Langevin is among a bipartisan group of lawmakers that has been pushing the White House to share the secret policy for nearly a year — ever since it was first reported that the White House had replaced an Obama-era policy, which kept much tighter reins on offensive hacking operations. 

The group also includes Armed Services Committee Chairman Adam Smith (D-Wash.), ranking Republican Mac Thornberry (Tex.) and Rep. Elise Stefanik (N.Y.), ranking Republican of the cyber-focused subcommittee.

The group sent a letter pushing for the policy in February, and last week they added a provision to the House version of a must-pass defense policy bill that would force the White House to release it. 

Now they’re pushing for the Senate to accept a similar provision in the final version of the defense bill that will become law, Langevin told me. 

“I’ve been asking for this for almost a year but with no resolution,” he told me. “I’m hoping the administration will provide the documents to Congress and allow us to perform our constitutional responsibility, but if that doesn’t happen, we’re prepared to require them to do so by law.”

The White House declined to comment directly on whether it would share the policy, which is officially called National Security Presidential Memorandum 13.

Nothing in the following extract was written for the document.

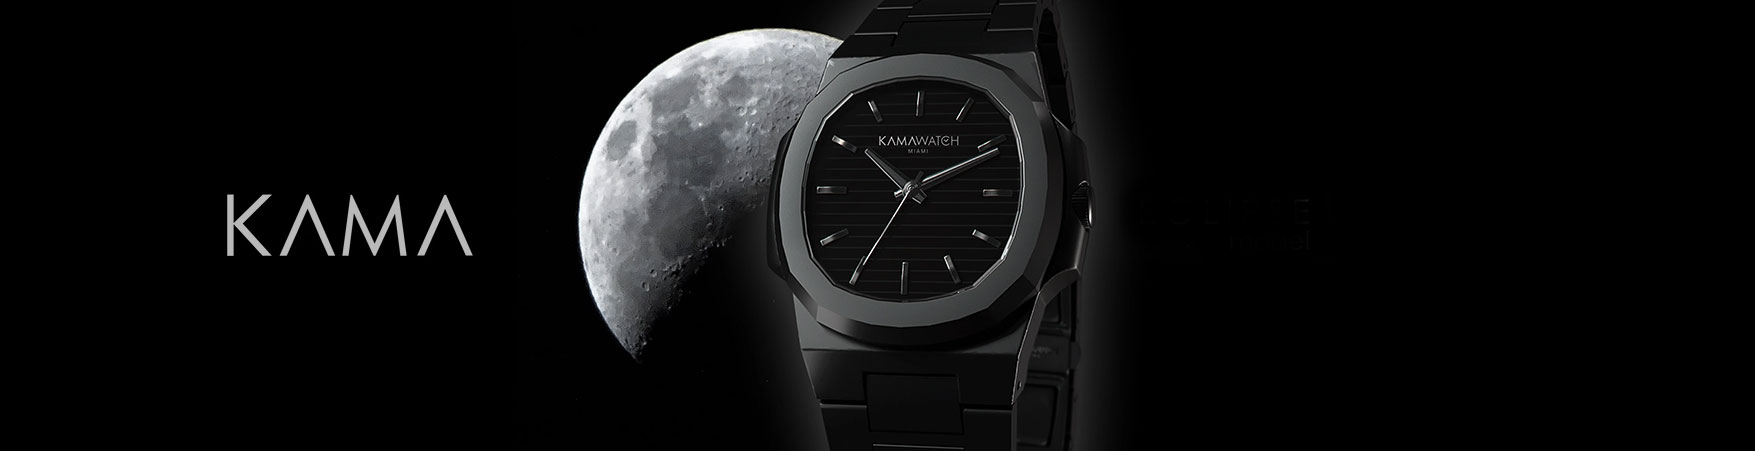 Kama Watches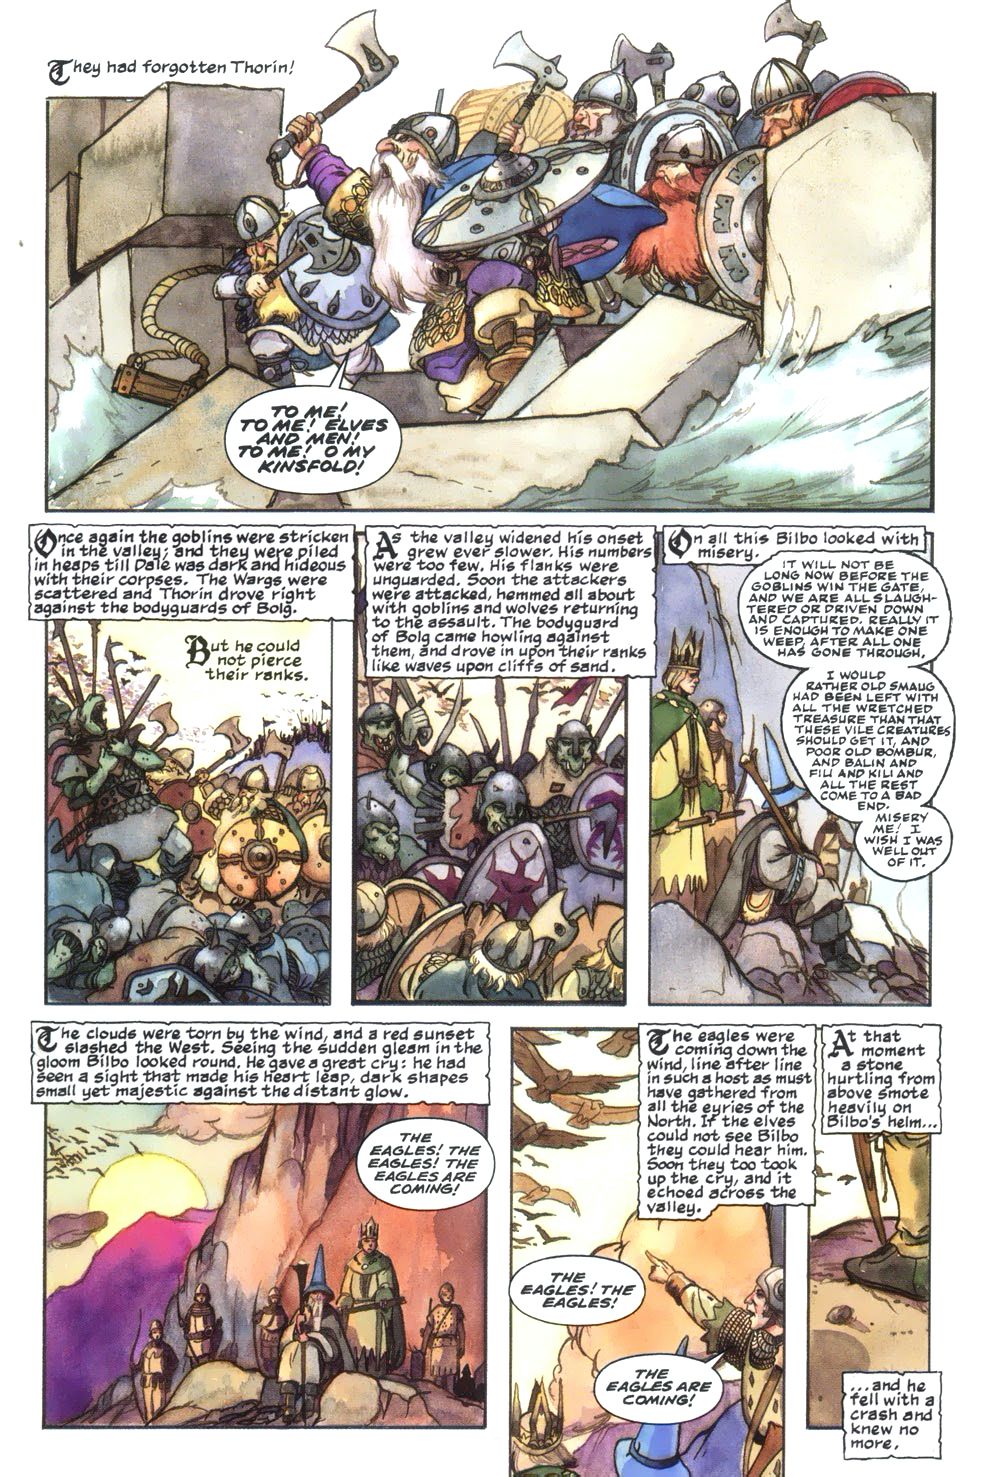 Thorin e soci si uniscono alla mischia della Battaglia dei Cinque Eserciti, combattendo fino all'arrivo delle Aquile per porre fine al conflitto in The Hobbit: An Illustrated Edition of the Fantasy Classic, Eclipse Comics (1989).

A senior administration official told me in a statement that “the administration keeps Congress appropriately informed of cyber operations, including by providing briefings and documents.” 

Langevin supports the Trump administration getting tougher on Russia, Iran and the United States’s other digital adversaries, he told me — especially an operation that shut down a Russian troll farm so it couldn’t interfere in the 2018 U.S. midterm elections. But he worries both about the risk the policy could be mishandled and the precedent of operating without congressional oversight. 

“This is the first time that such a major policy document has not been provided to Congress that I recall,” he said.


PINGED: U.S. tech companies are lobbying the Trump administration to allow them to sell chips and other cellphone and laptop parts to Huawei despite a government ban, my colleagues Jeanne Whalen and Reed Albergotti report.

The Trump administration imposed that ban because of fears that Huawei would spy for the Chinese government and U.S. equipment could help them do it. But the companies argue that, unlike telecom equipment, selling parts for phones and laptops wouldn’t pose a national security risk. Meanwhile, the Trump administration is divided between Treasury Secretary Steven Mnuchin, who favors relaxing the ban, and China hawks who want it to remain in place, Jeanne and Reed report. 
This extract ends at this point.